# stuck on a non- spoiling salad for this Summer???



## oldschoolbbq (Jul 8, 2012)

This is called "Stan's Texas Caviar" , yes , I plated with the Big "T" Staekhouse in Amarillo.It's not exactly the same but a really good condiment:

"STAN'S TEXAS CAVIAR"

4-cans Blackeyed Peas 

2-cup  Salsa (Pace) your heat selection

1-1/2 cup - Italian Dressing

1 cup each-Chopped Green and yellow Bell peppers ,Onion and Green onion-greens especially

Garlic to taste (for , a lot ; and if you roast it -even better

Cilantro -as you can handle, it's a hit or miss flavor

1 tsp. (to start as it is strong)Cumin

Dash of Sugar for blending the flavors.

S/P to taste

1/4 cup- Lime Juice

* use serrano for your hot , as they give it a better flavor -add then to the batch.

serve with chips or as a condiment or a salad - less risk than potato salad and just as good...

Enjoy and ...


----------



## smokinhusker (Jul 9, 2012)

Sounds pretty darn good!
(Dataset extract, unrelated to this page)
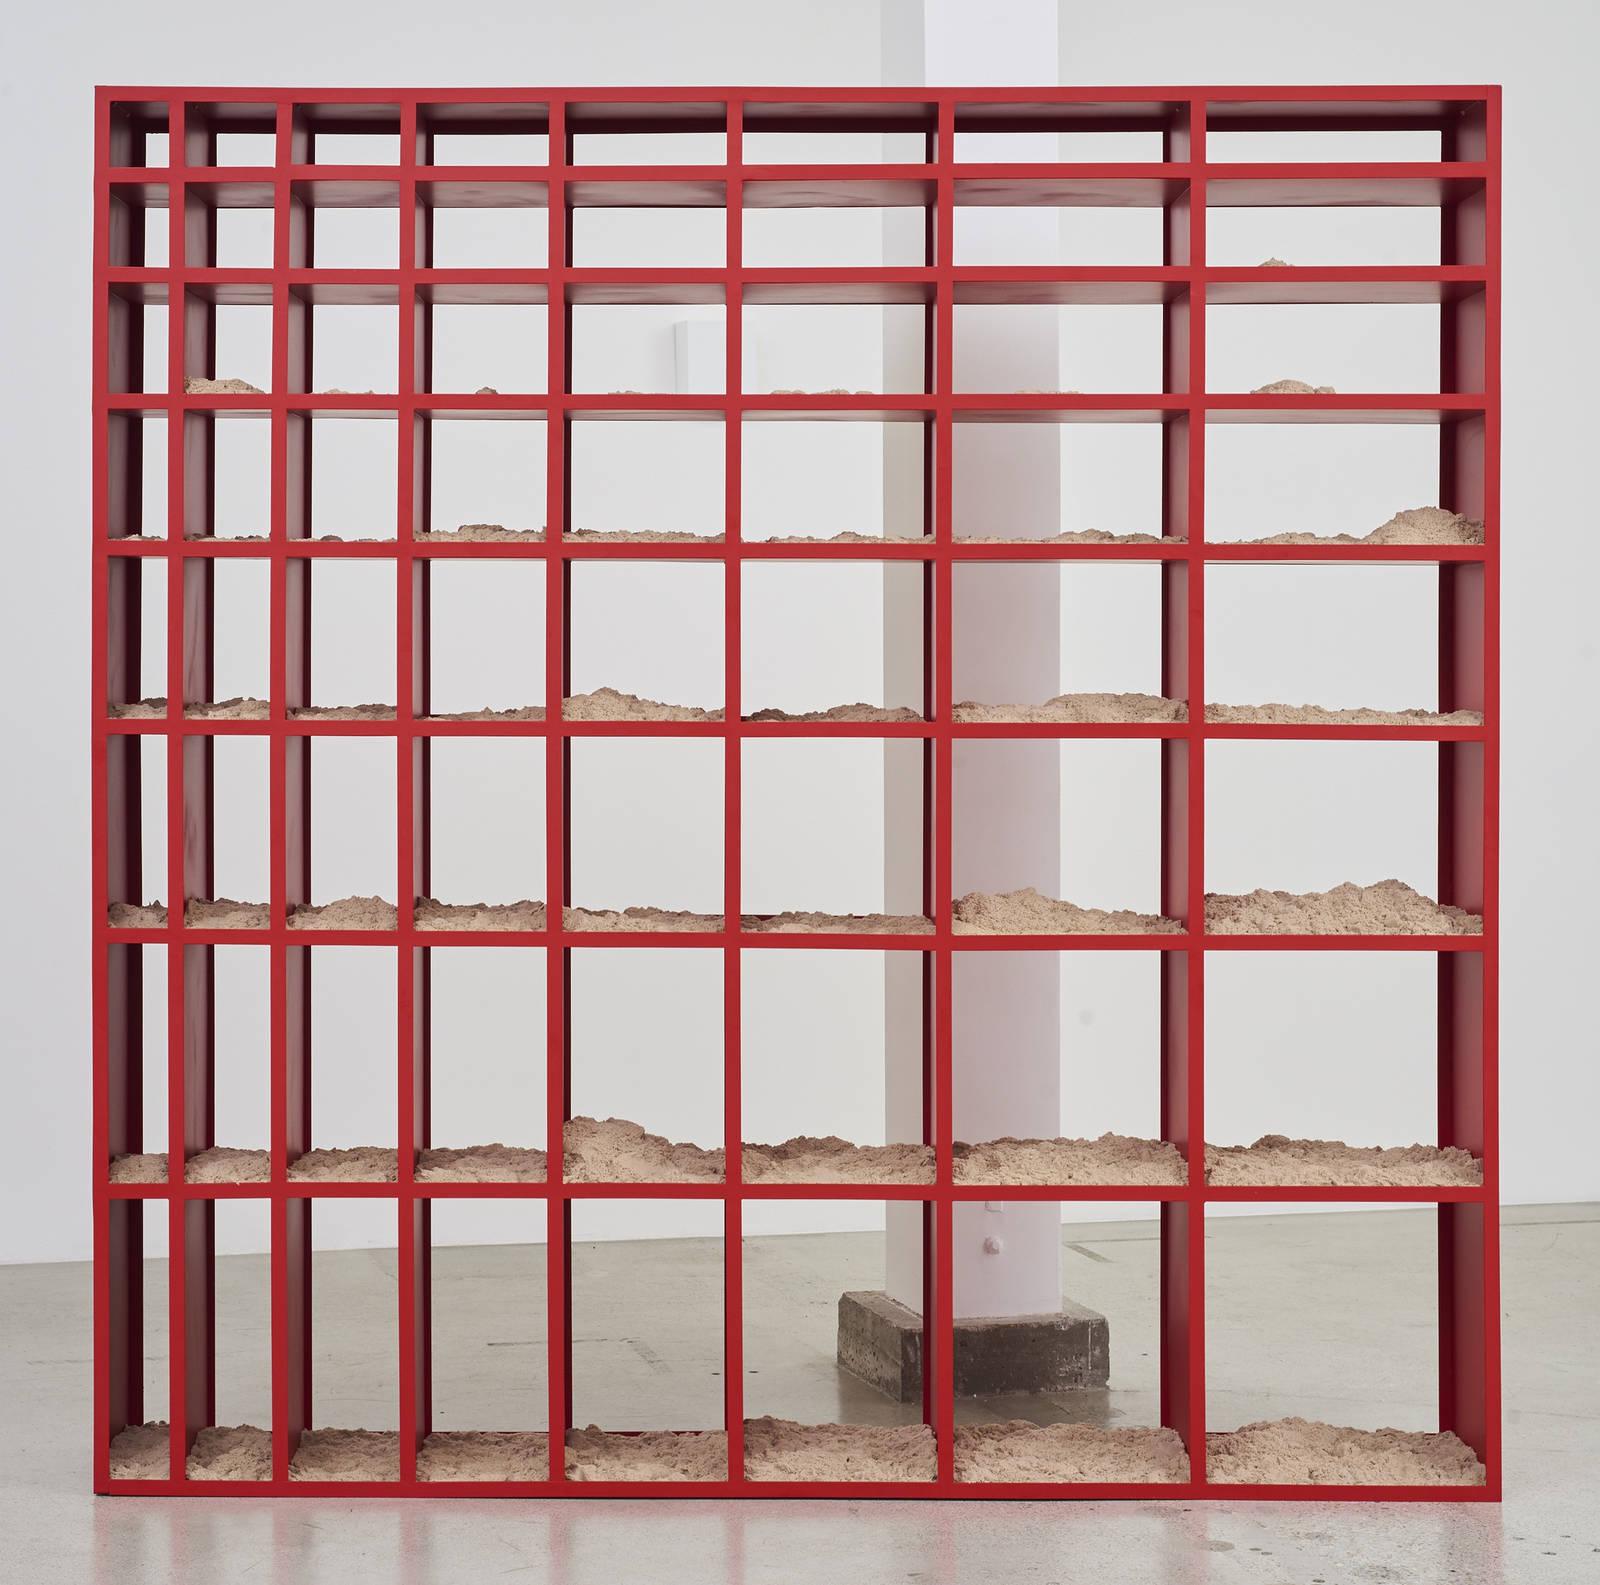 Wermers_Sand Shelf #1, 2016-2017_Powdercoated steel, kinetic sand_91 7_16 x 91 7_16 x 16_NW00036ST

Thanks for the recipe.


----------



## chef jimmyj (Jul 9, 2012)

Sound mighty tasty!...JJ


----------



## wildflower (Jul 9, 2012)

sounds good BUT you've never had MY potato salad


----------



## oldschoolbbq (Jul 9, 2012)

I'll bet it's crazy good, however I was trying to give a recipe that doesn't spoil, like a lot of Potato Salads do.

But just for the fun of it, how about a recipe?

Have fun and...


----------



## jirodriguez (Jul 10, 2012)

(heh-heh couldn't resist, it's not often we can do this to one of Stan's posts)

.... and that does sound like a good salad!


----------



## oldschoolbbq (Jul 10, 2012)

There ya go, now I don'y go to the Penalty box again...


----------